Below is a listing with pictures in it; transcribe exactly the lines from the one that has "Shelburne County, Nova" through the one that has "ASR Presents : Sunset", and omit those pictures.

RECORDED INFORMATION:
Segment Open
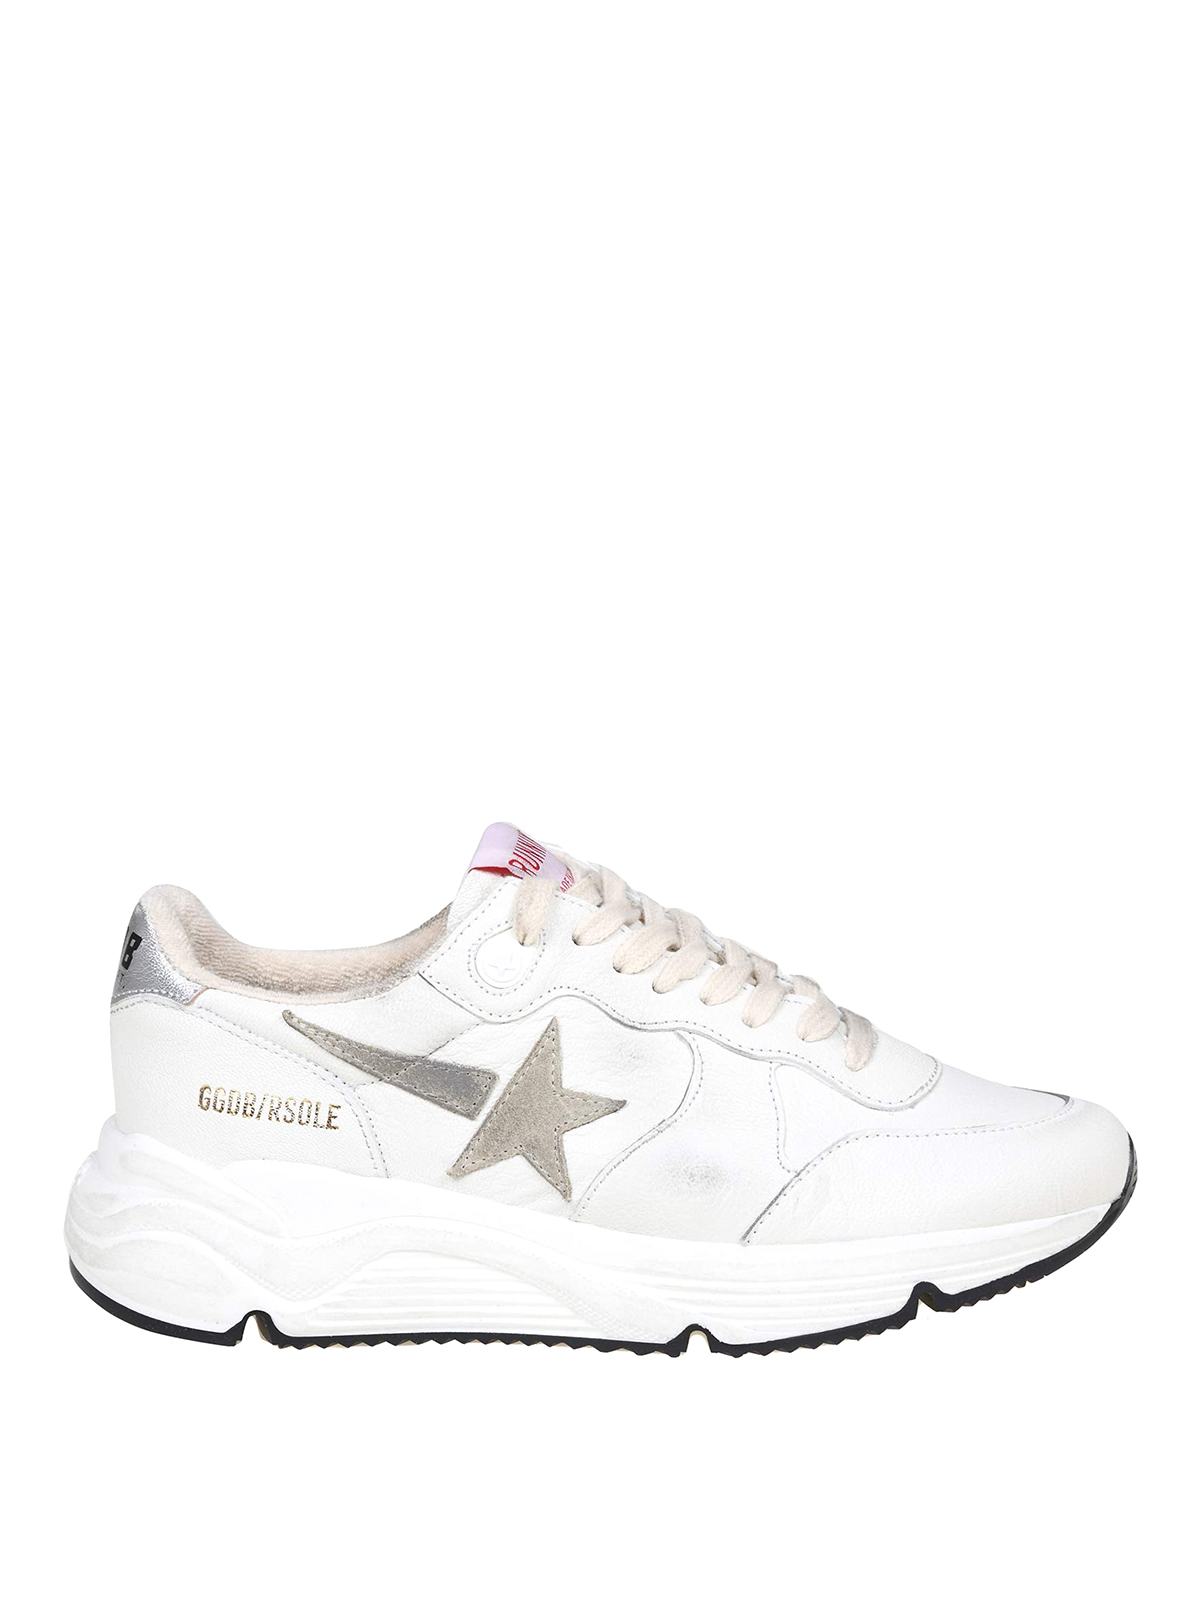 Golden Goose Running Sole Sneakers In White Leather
Segment Closed
Segment Open
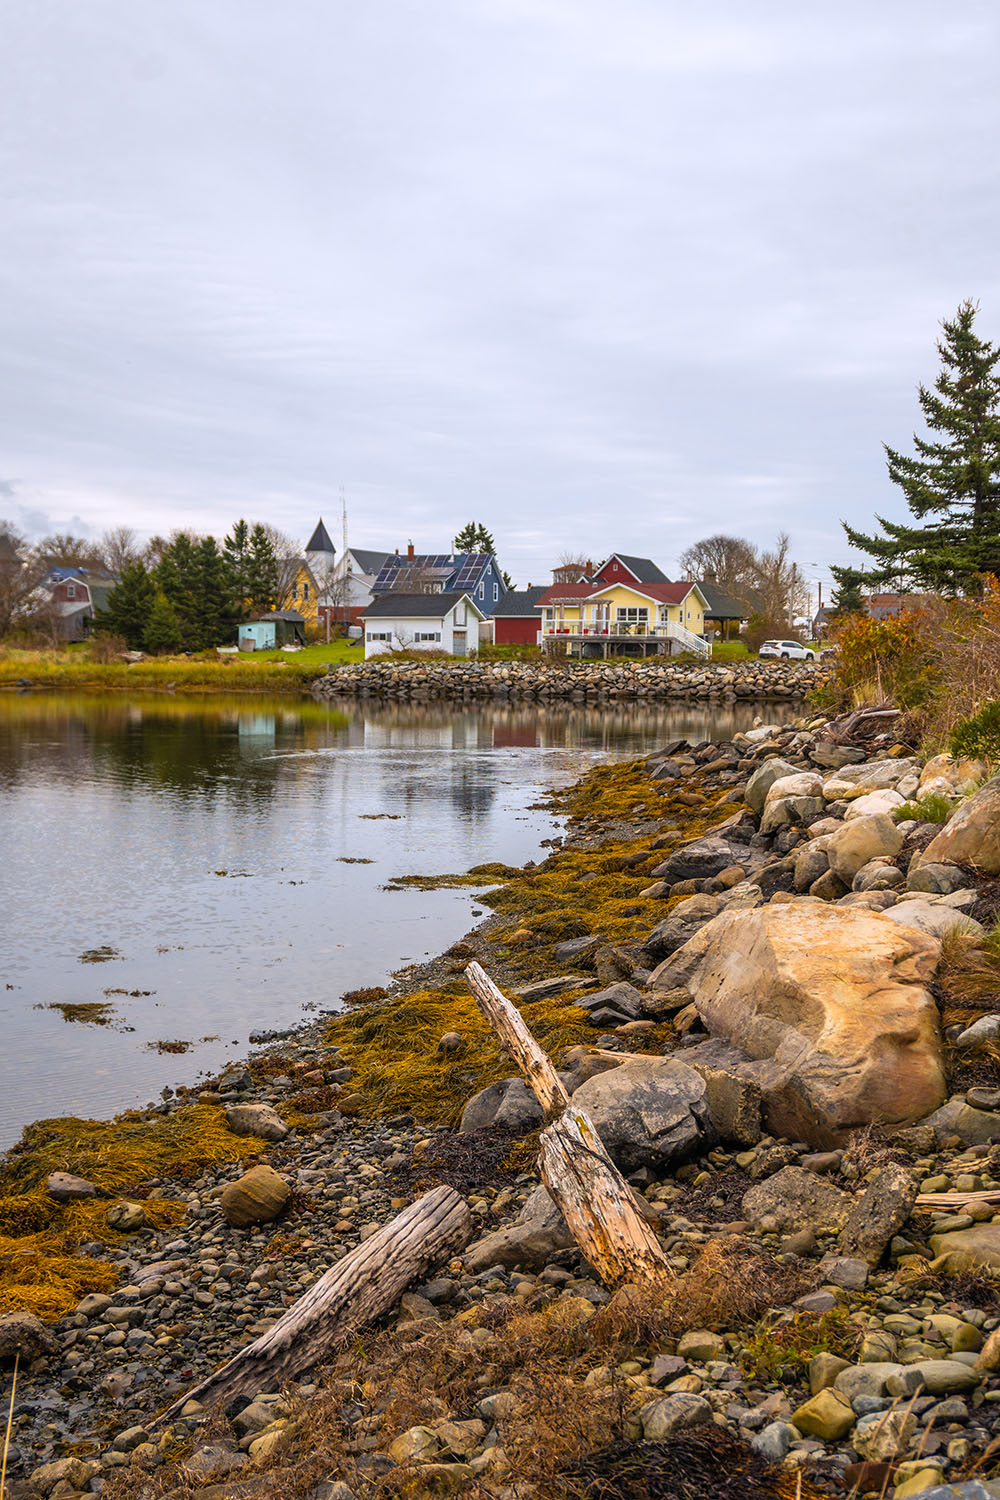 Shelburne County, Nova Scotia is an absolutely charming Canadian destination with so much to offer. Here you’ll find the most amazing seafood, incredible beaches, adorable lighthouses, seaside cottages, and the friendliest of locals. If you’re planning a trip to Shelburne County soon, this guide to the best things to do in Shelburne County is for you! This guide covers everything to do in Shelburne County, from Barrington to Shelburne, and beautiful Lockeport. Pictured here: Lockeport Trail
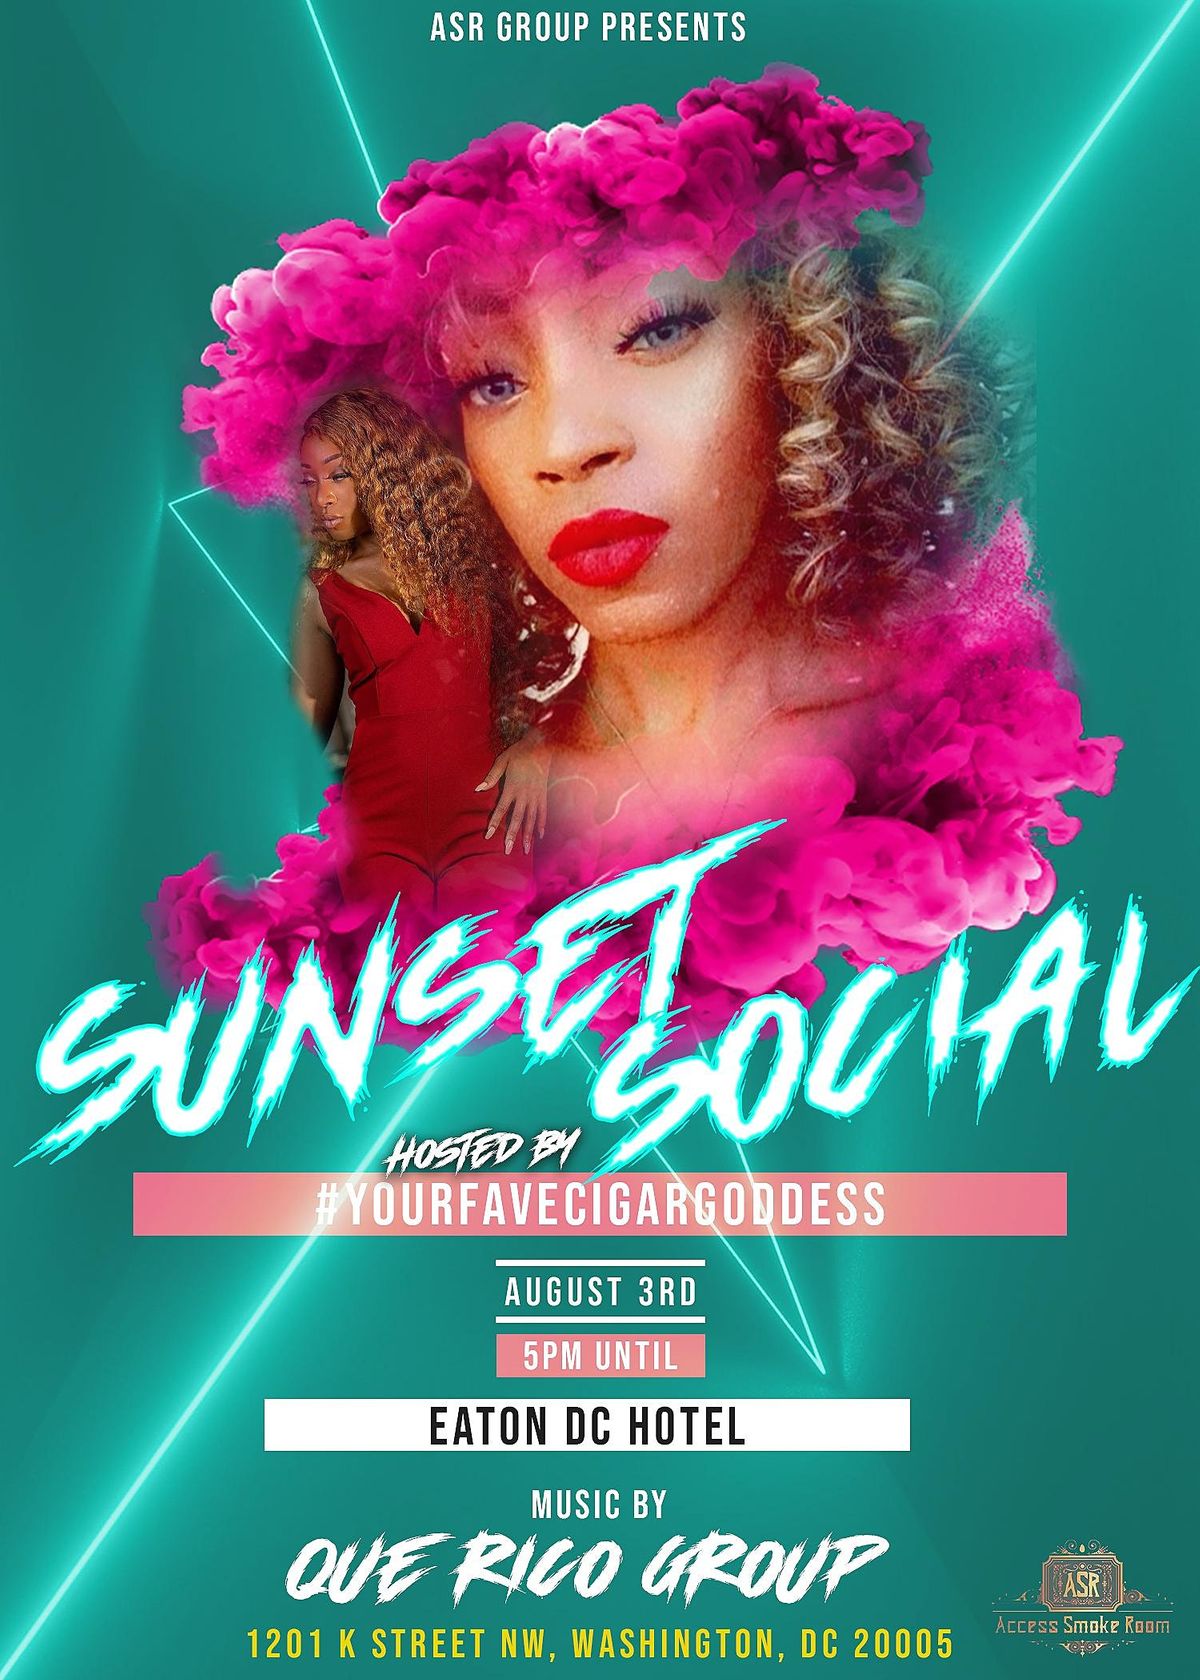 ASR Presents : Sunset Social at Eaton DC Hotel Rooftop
Segment Closed
EXERCISE RESULT:
 Shelburne County, Nova Scotia is an absolutely charming Canadian destination with so much to offer. Here you’ll find the most amazing seafood, incredible beaches, adorable lighthouses, seaside cottages, and the friendliest of locals. If you’re planning a trip to Shelburne County soon, this guide to the best things to do in Shelburne County is for you! This guide covers everything to do in Shelburne County, from Barrington to Shelburne, and beautiful Lockeport. Pictured here: Lockeport Trail
 ASR Presents : Sunset Social at Eaton DC Hotel Rooftop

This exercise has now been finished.